Although been one of the trickier projections in the sport over the last 12+ months, Vik has given us enough recent signs to take a shot at the 40-1s currently available on BookMaker. I've certainly been burned in the past on Hovland's road to redemption, but I remain incredibly confident in one thing: If he puts up another quality performance this week, it'll be a long time before we see a price this good beside Viktor Hovland's name.

 

Sepp Straka

Despite a disappointing missed cut at Augusta National, Sepp Straka continued to display a profile that not only vaulted him into conversations as a Major Championship Contender, but one that is also tailor-made for his best opportunity at a Signature win. Straka gained a whopping 3.4 strokes on approach in Rounds 1 and 2 at the Masters (ranking fifth in per-round average), and hit 75% of his fairways for the week.

This combination of elite iron play and precision off of the tee vaults Sepp well into my top 10 in terms of winning probabilities at Harbour Town, and when isolating for those two metrics, only Collin Morikawa can boast a comparable run of recent form.

While some elite strikers in this field can boast better singular ball--striking performances thus far in 2o25, nobody (including Scheffler or Morikawa), can match the consistency of the Austrian. In Straka's last 12 starts on Tour (dating back to the 2024 RSM), he's managed to record an iron performance of at least 3.5 strokes gained in ten of those 12.

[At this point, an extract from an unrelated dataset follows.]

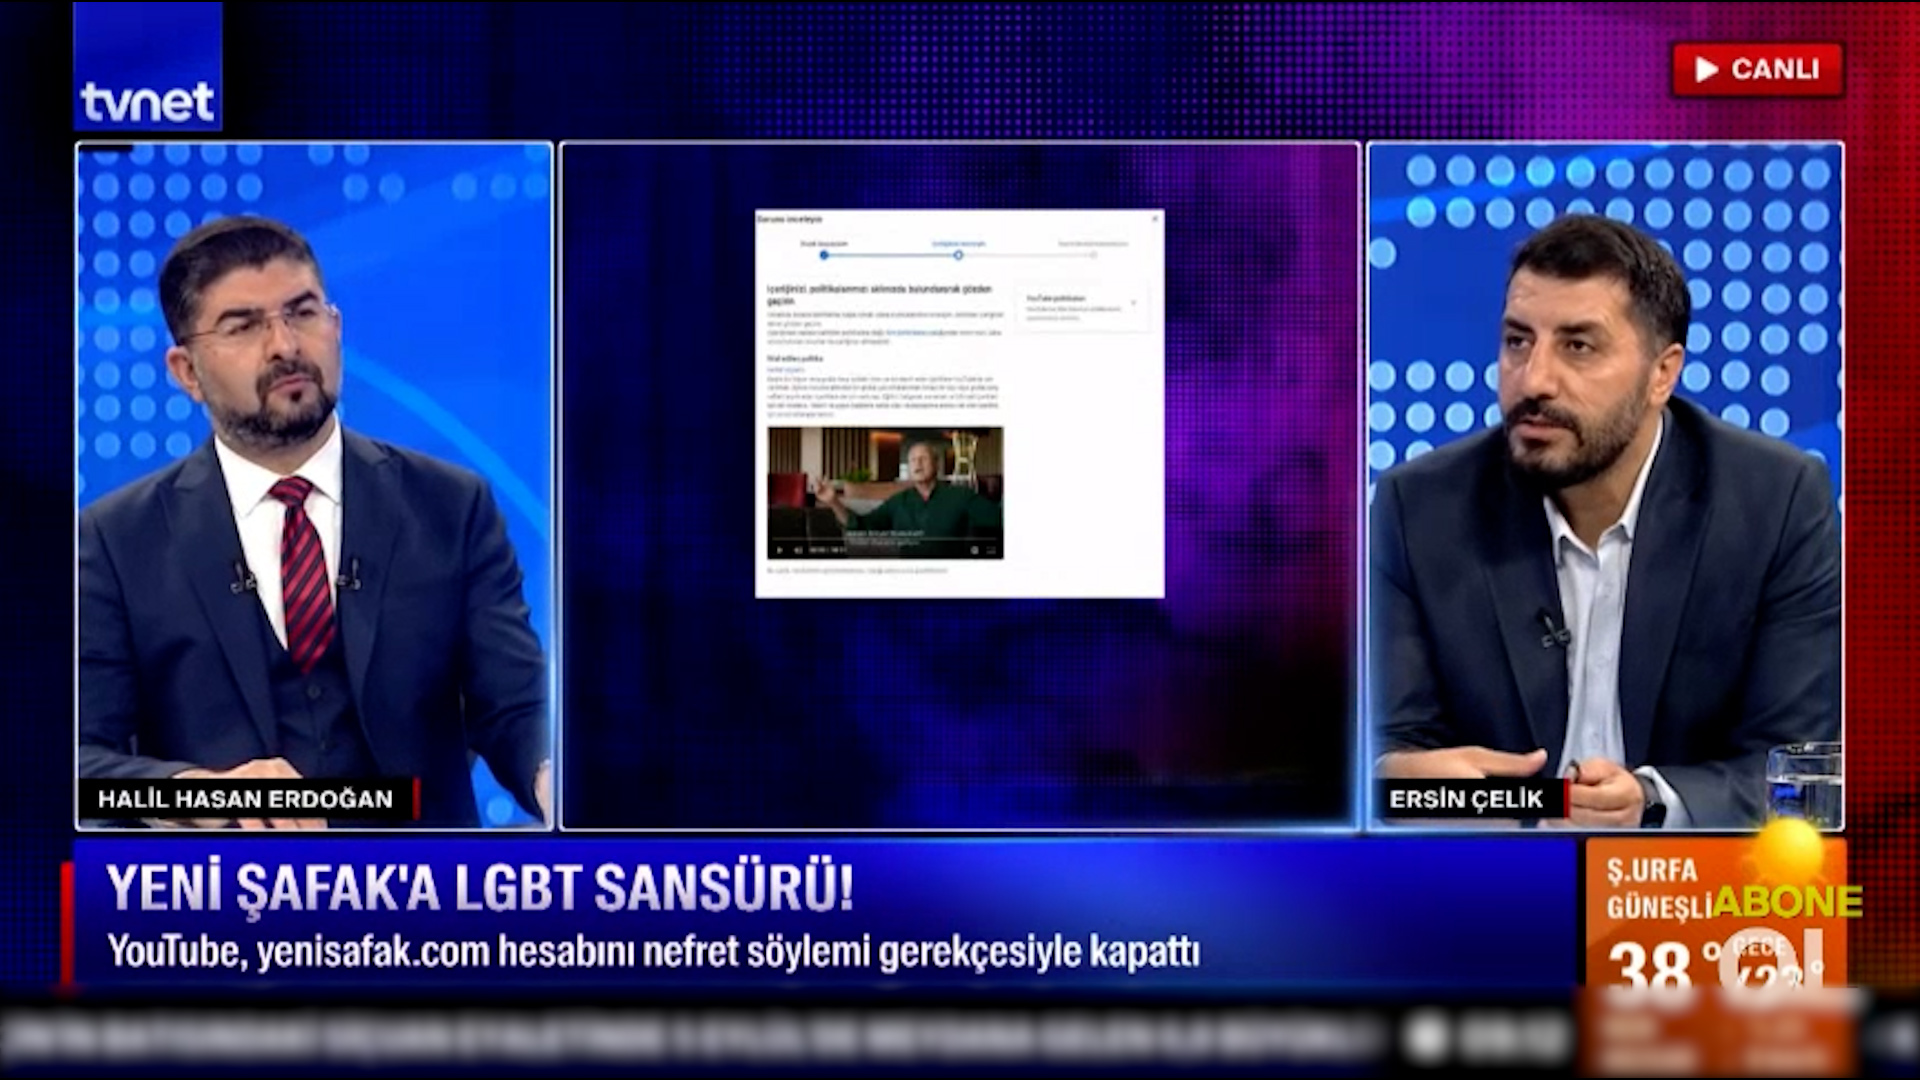 Gazeteci Ersin Çelik YouTube'un Yeni Şafak'a uyguladığı LGBT sansürü ile ilgili konuştu
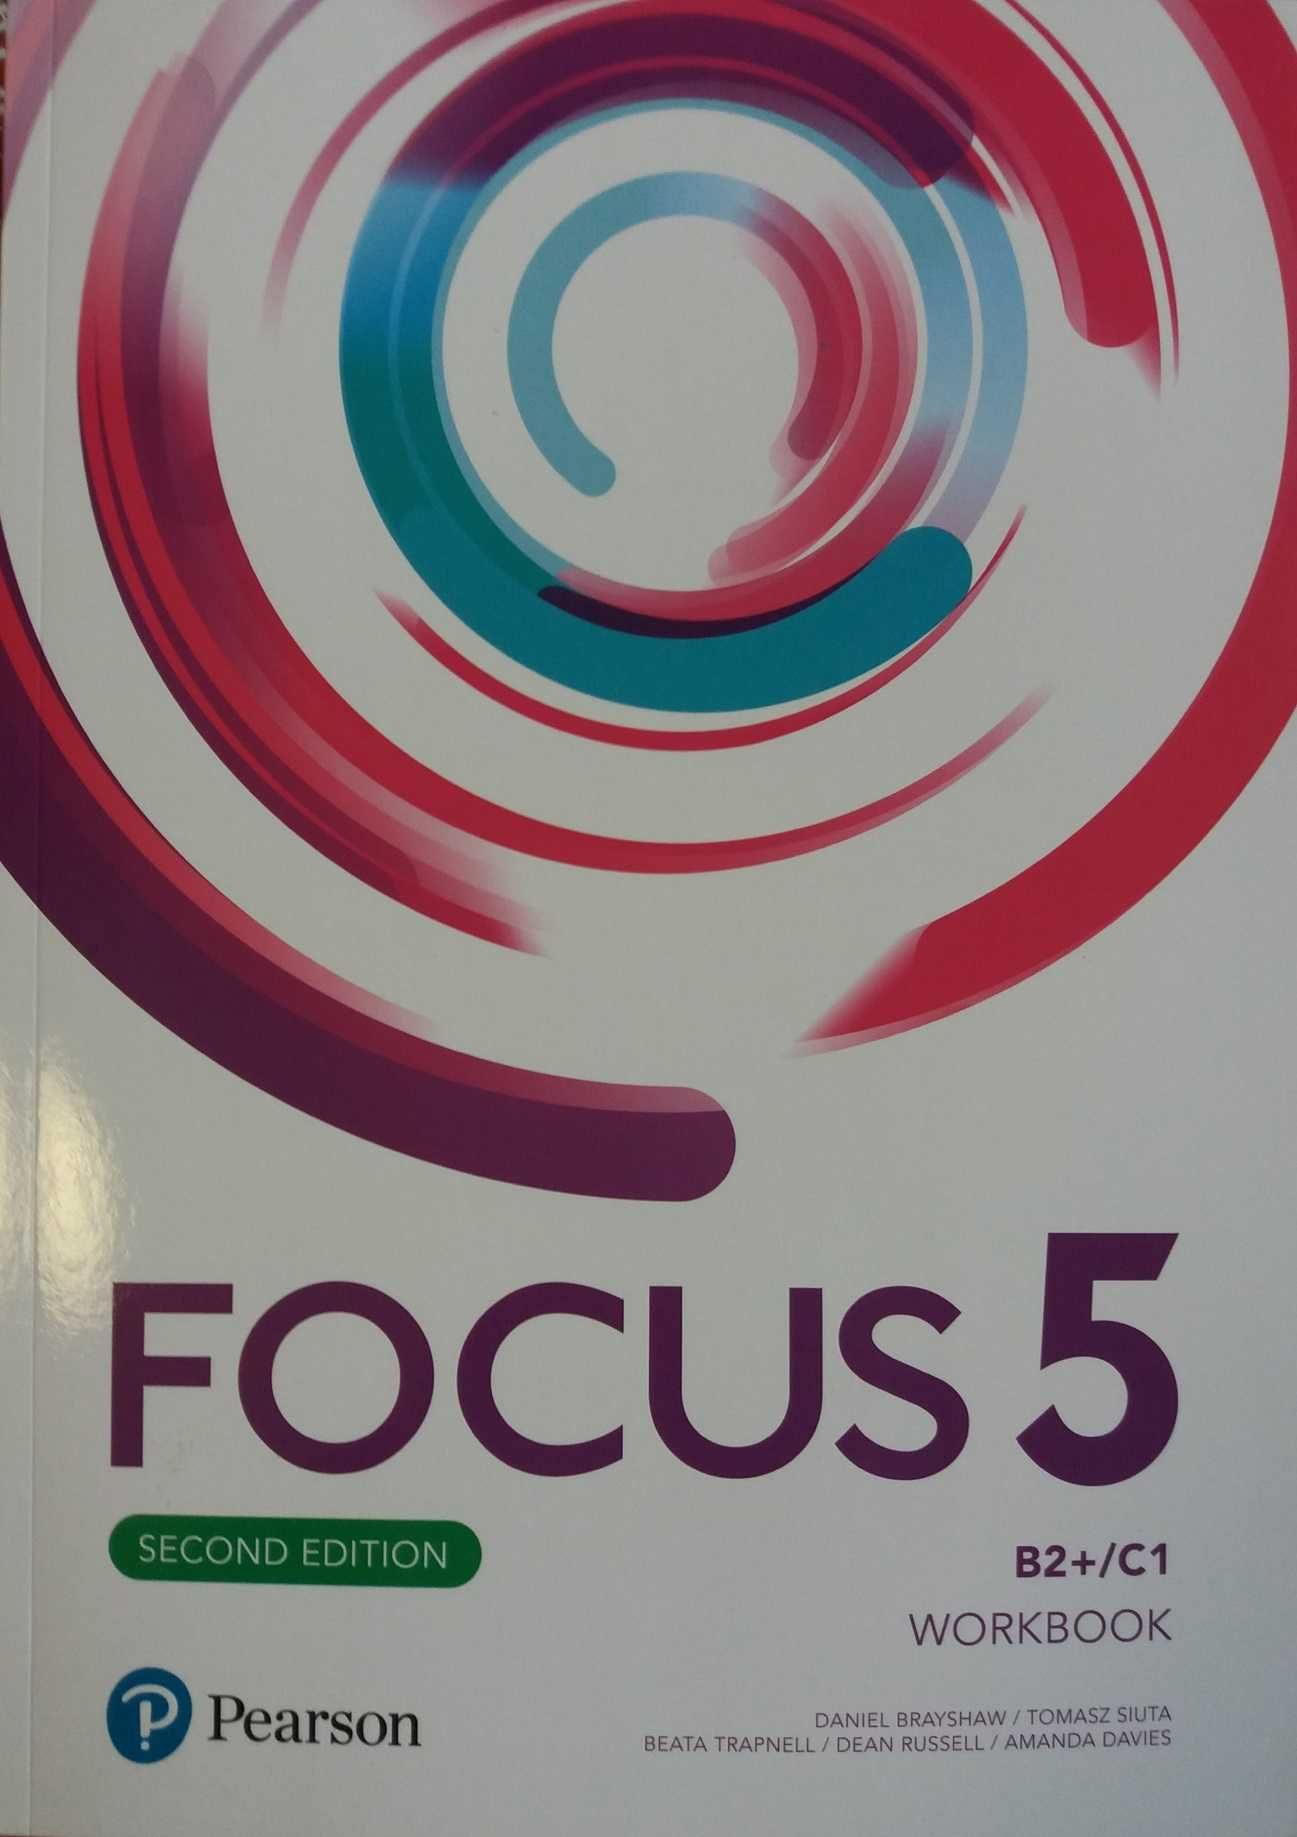 Focus 5 2ed. Workbook + Kompendium maturalne + kod. Pearson

Sepp also ranks 1st in my Weighted Proximity model from 150-200 yards, and gained strokes off of the tee in each of his most recent starts at my comparable driving courses:

  • +1.3 at TPC Sawgrass
  • +2.5 at PGA National
  • +0.2 at Innisbrook's Copperhead Course
  • +3.1 at PGA West's Stadium Course
  • +2.2 at last year's RBC Heritage

With finishes of fifth and third already to his name in two of the last three iterations of the RBC Heritage, there isn't much need for an imagination when envisioning Straka's opportunity this week. My numbers continue to point to him as one of 2025's premier breakouts, and at prices in the 40-1 range on outright odds boards, I'll gladly jump on this week as one of his best chances to date of confirming that ascendency.